Microscopy imaging was performed using a Nikon Ti-2E inverted fluorescence microscope. Images were acquired using a Nikon CFI Plain Fluor 10× objective and a 14-bit Nikon DS-Qi2 CMOS camera. Images were captured using four channels: brightfield with phase contrast, DAPI (Nikon C-FLL LFOV, 392/23 nm excitation, 447/60 nm emission and 409 nm dichroic mirror), mCherry (Nikon C-FLL LFOV, 562/40 nm excitation, 641/75 nm emission and 593 dichroic mirror) and EGFP (Nikon C-FLL LFOV, 466/40 nm excitation, 525/50 nm emission and 495 nm dichroic mirror).
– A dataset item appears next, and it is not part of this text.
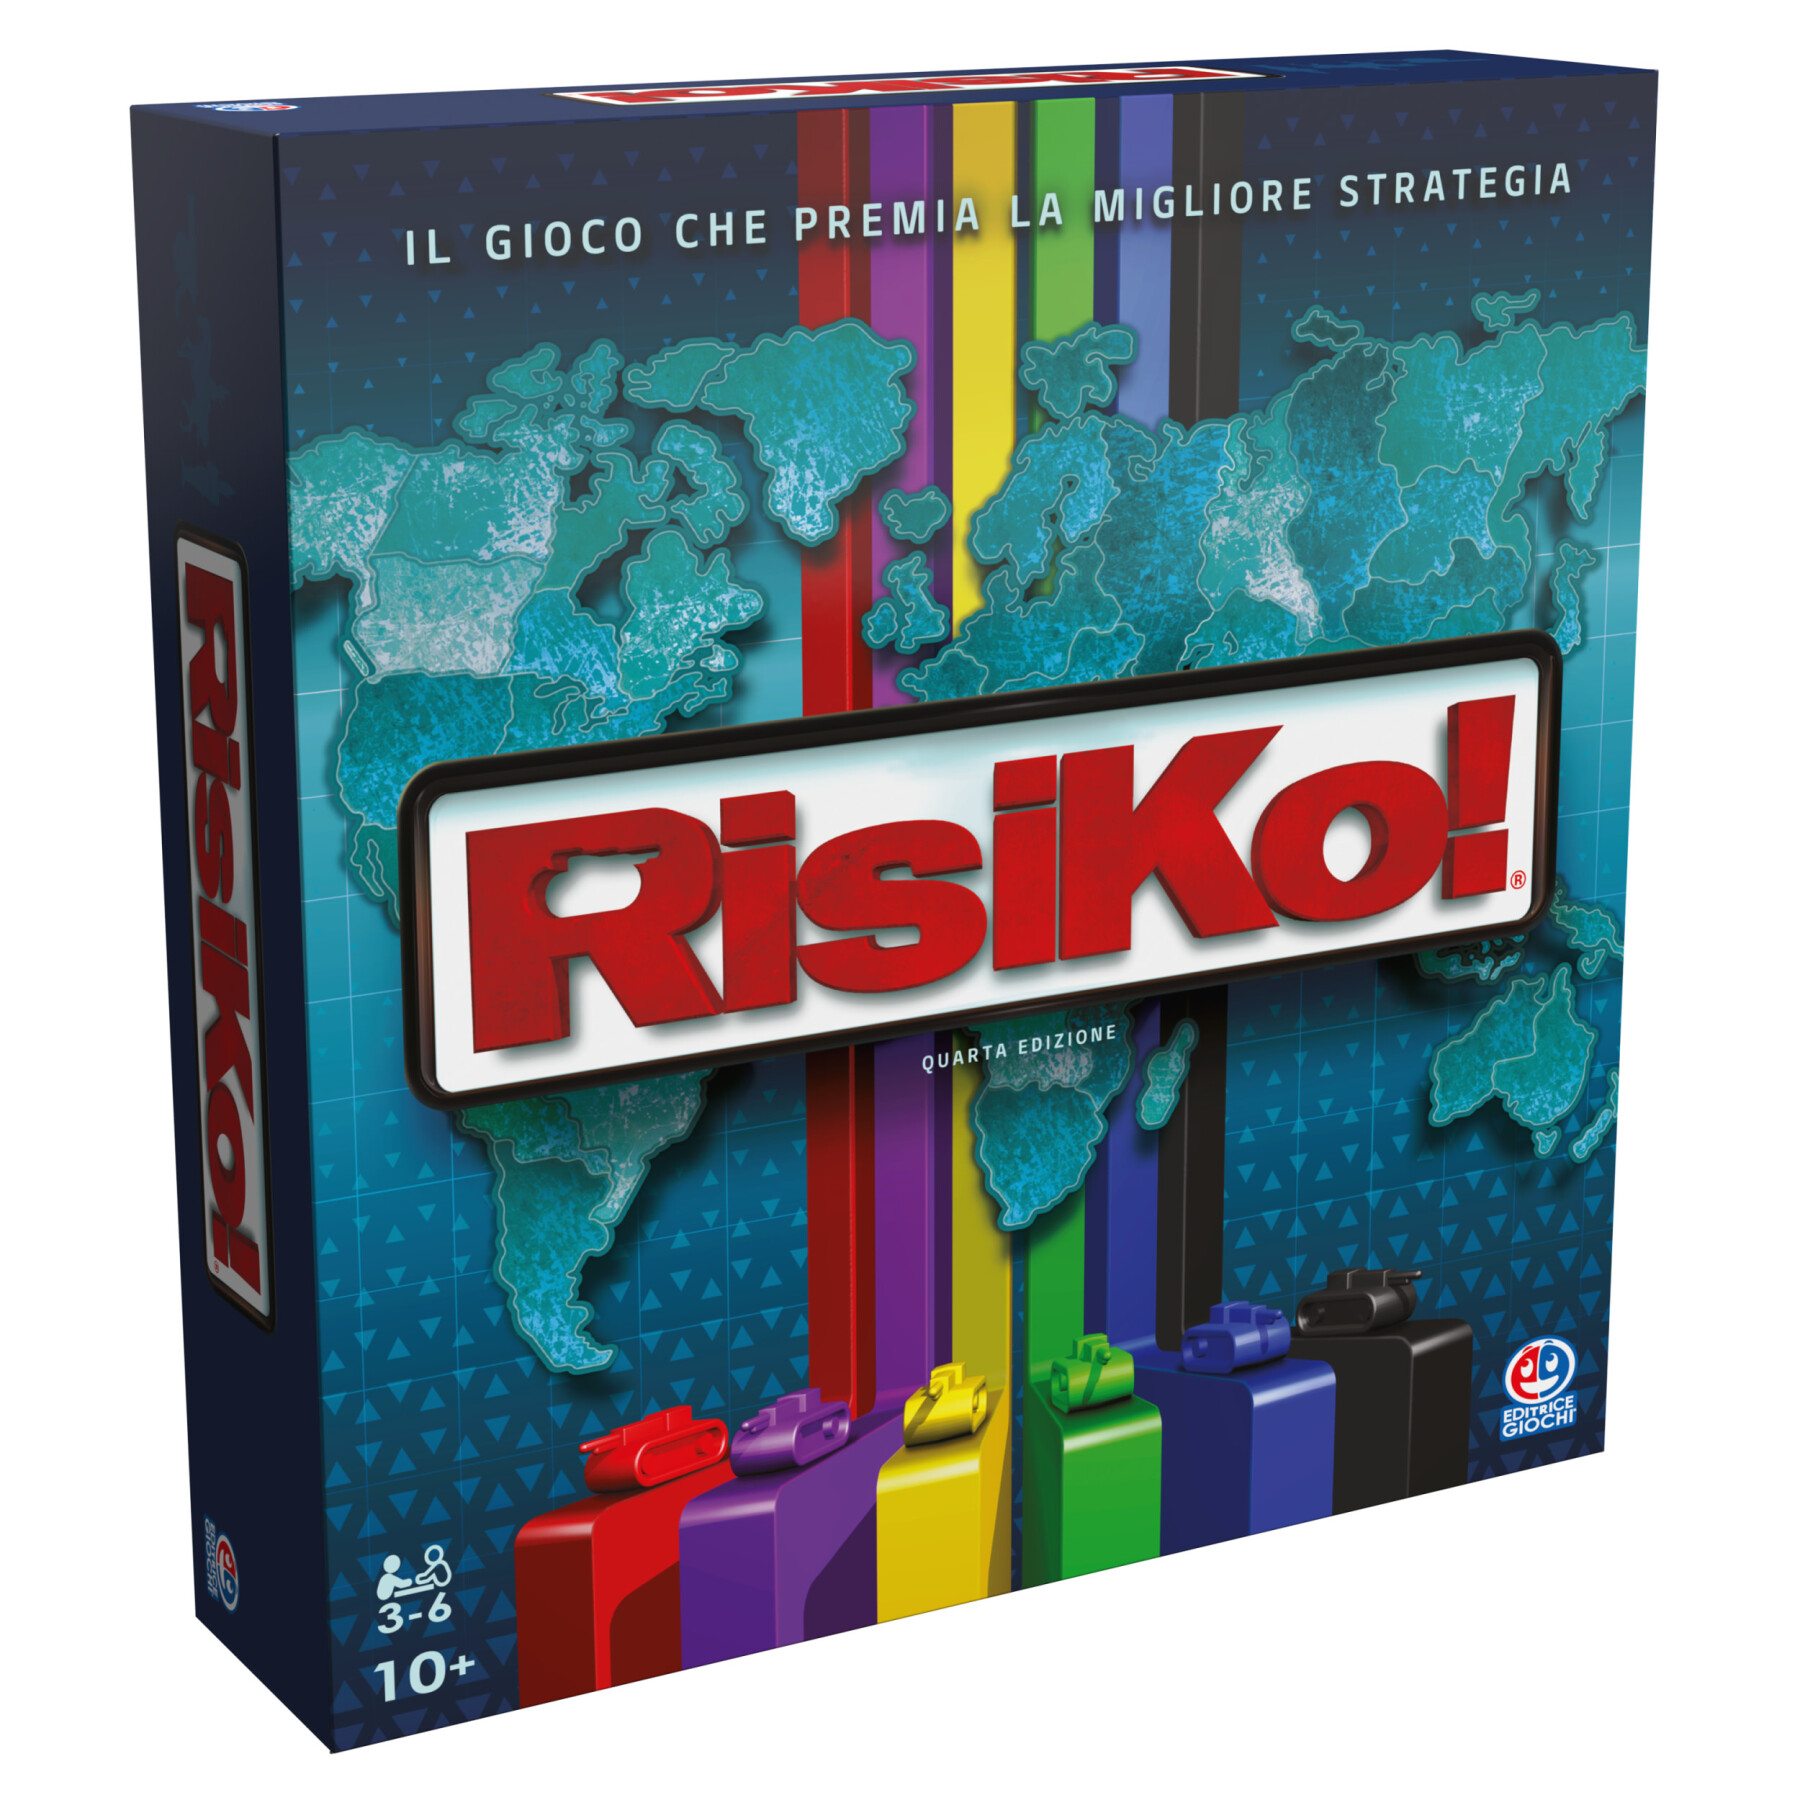 Editrice giochi, risiko!, gioco da tavola classico, giochi di società e strategia per la famiglia, dai 2 ai 4 giocatori, adatto per adulti e bambini, 10+ anni -

Illumination for brightfield imaging was performed using the built in Ti-2E LED. Epifluorescence excitation was performed using a 130 W mercury lamp (Nikon C-HGFI). Gain, exposure and vertical offset were automatically determined using built-in NIS functions to avoid user biasing. Cells were imaged in Greiner Sensoplate 96-well glass bottom multiwell plates (M4187-16EA, Sigma-Aldrich). The concentration of cells in each well were diluted down to ~1000 cells to ensure adequate spacing between adjacent cells. An automated procedure was run on NIS using the Jobs function to take 16 images, on each of the 4 channels, inside of each well. The images were exported from NIS to standard TIFF format.